BANGKOK: A group of 20 foreign diplomats who visited Myanmar’s Rakhine state, where half a million ethnic Rohingya Muslims fled recent violence, have urged the government to allow access by humanitarian groups and by a United Nations fact-finding mission to investigate allegations of human rights violations.
But the Myanmar president’s spokesman, Zaw Htay, said on Tuesday the government would stick by its earlier decision to bar the UN mission. It has said the group, assembled after similar violence last October, was interfering in Myanmar’s affairs.
The diplomats, taken Monday on a guided government tour of the affected area, said in a joint statement that there was a dire need for humanitarian aid.

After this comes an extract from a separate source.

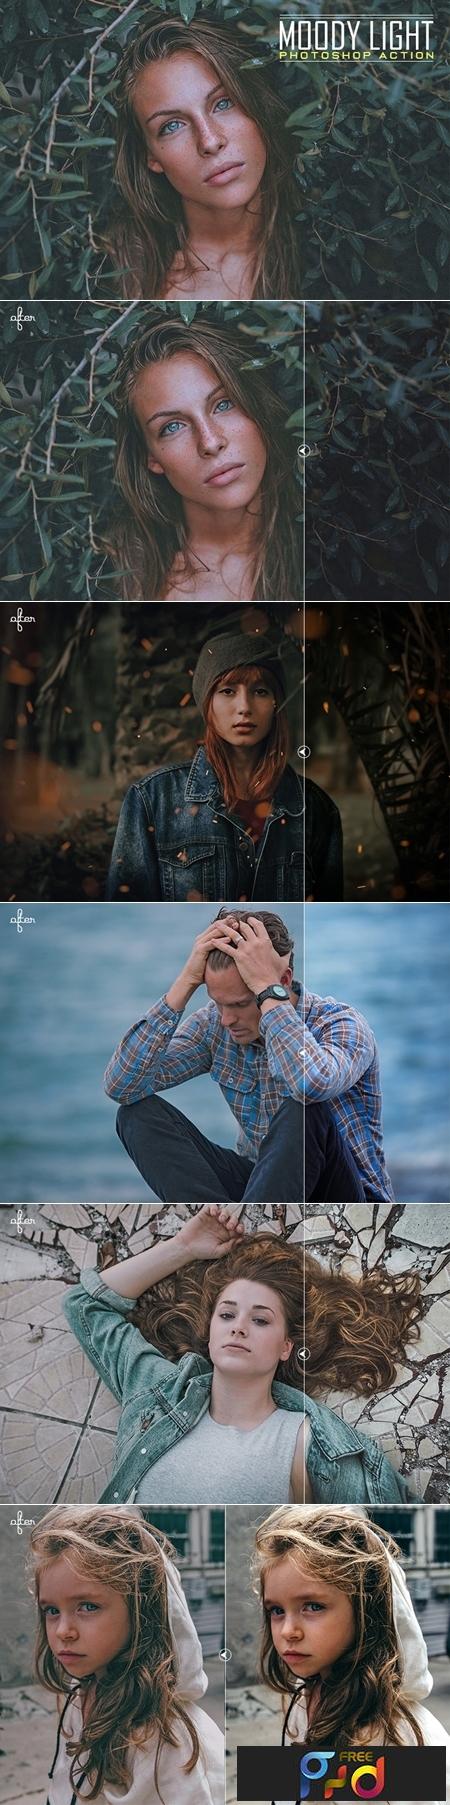 Moody Light Photoshop Action 1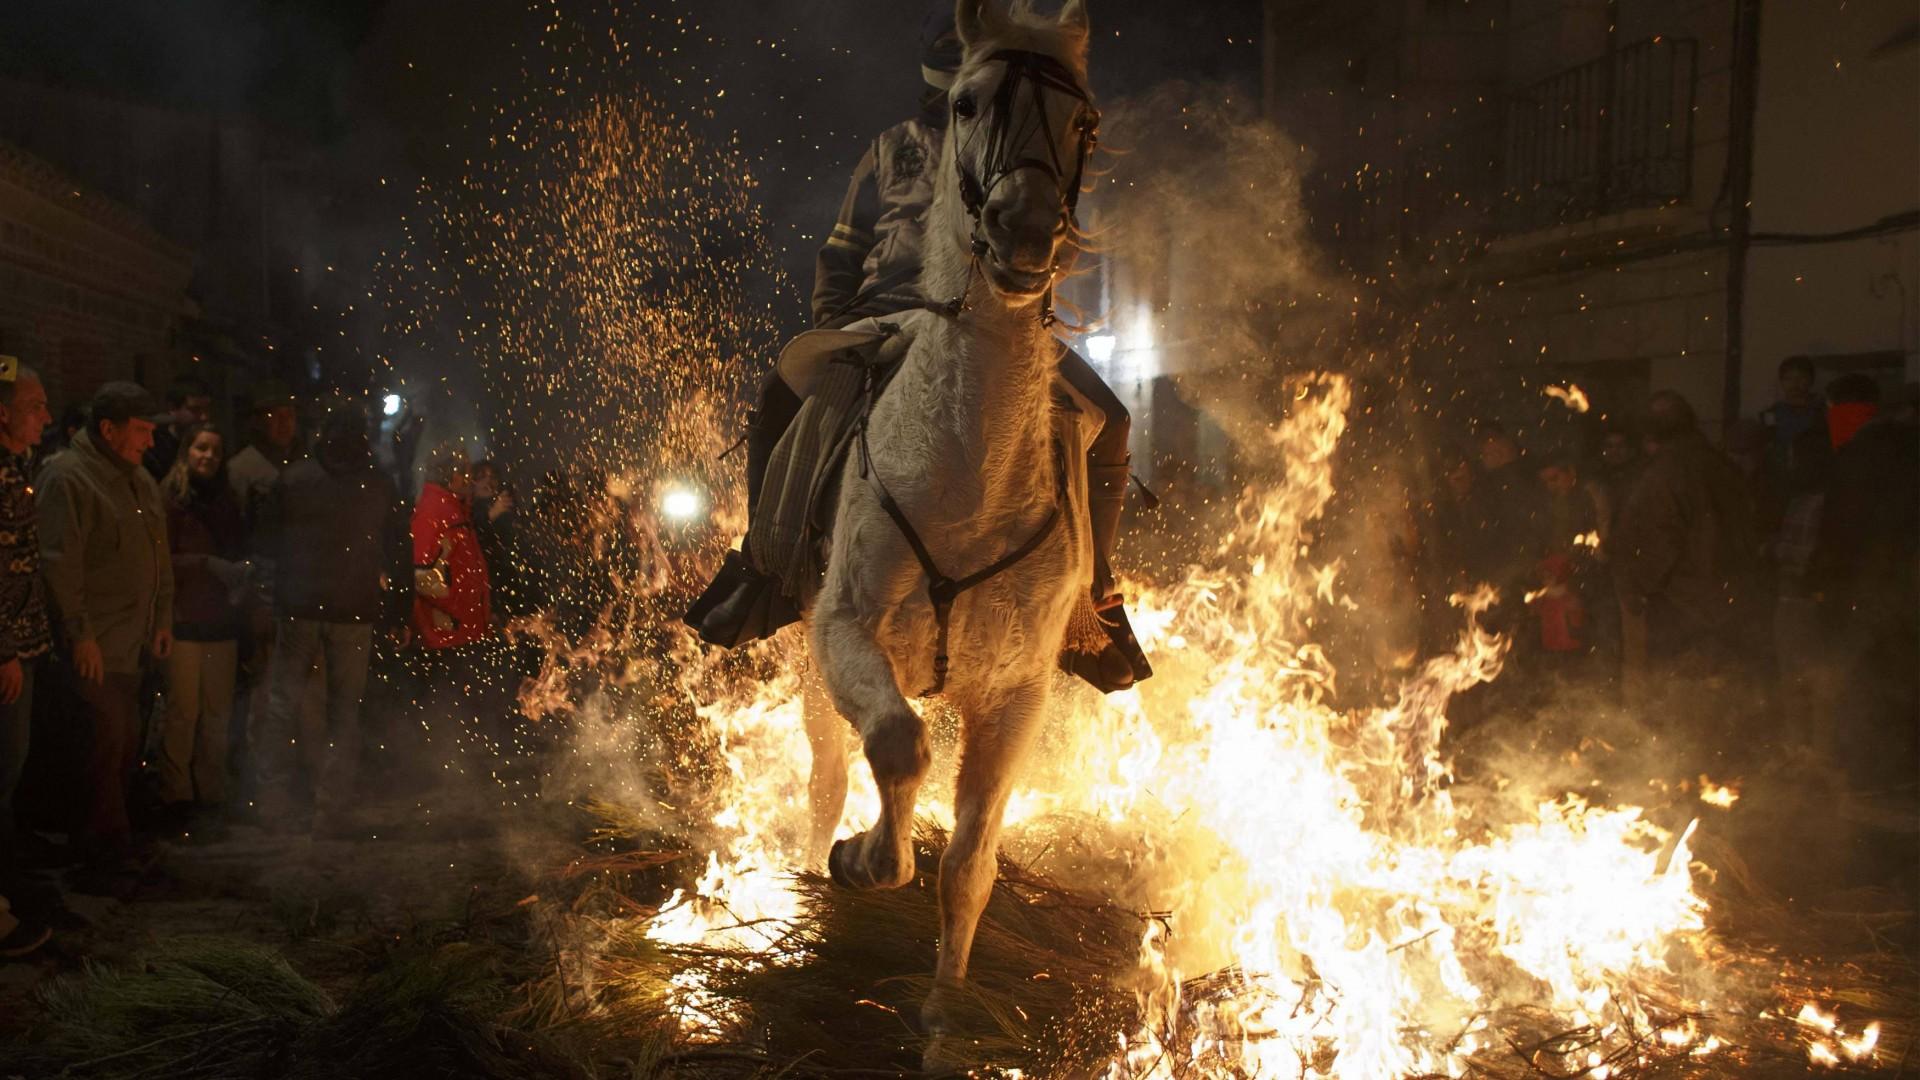 Апхелио, Шотландия, фестиваль, огонь, факельное шествие, викинги, Up-Helly-Аa, Scotland, festival, fire, torchlight procession, Vikings, event (horizontal)

The crisis in Rakhine has drawn international concern because of the exodus of more than 500,000 Rohingya to Bangladesh in just a month’s time. The violence began when the army retaliated for raids on government security posts on Aug. 25 by the Arakan Rohingya Salvation Army, an insurgent group.
Human rights groups charge that the army has abused and killed civilians and burned down thousands of homes.
The diplomats’ statement condemned the insurgents’ initial attacks as well as the violence that followed it.
“We saw villages which had been burned to the ground and emptied of inhabitants. The violence must stop,” it said. “The security forces have an obligation to protect all people in Rakhine without discrimination and to take measures to prevent acts of arson.”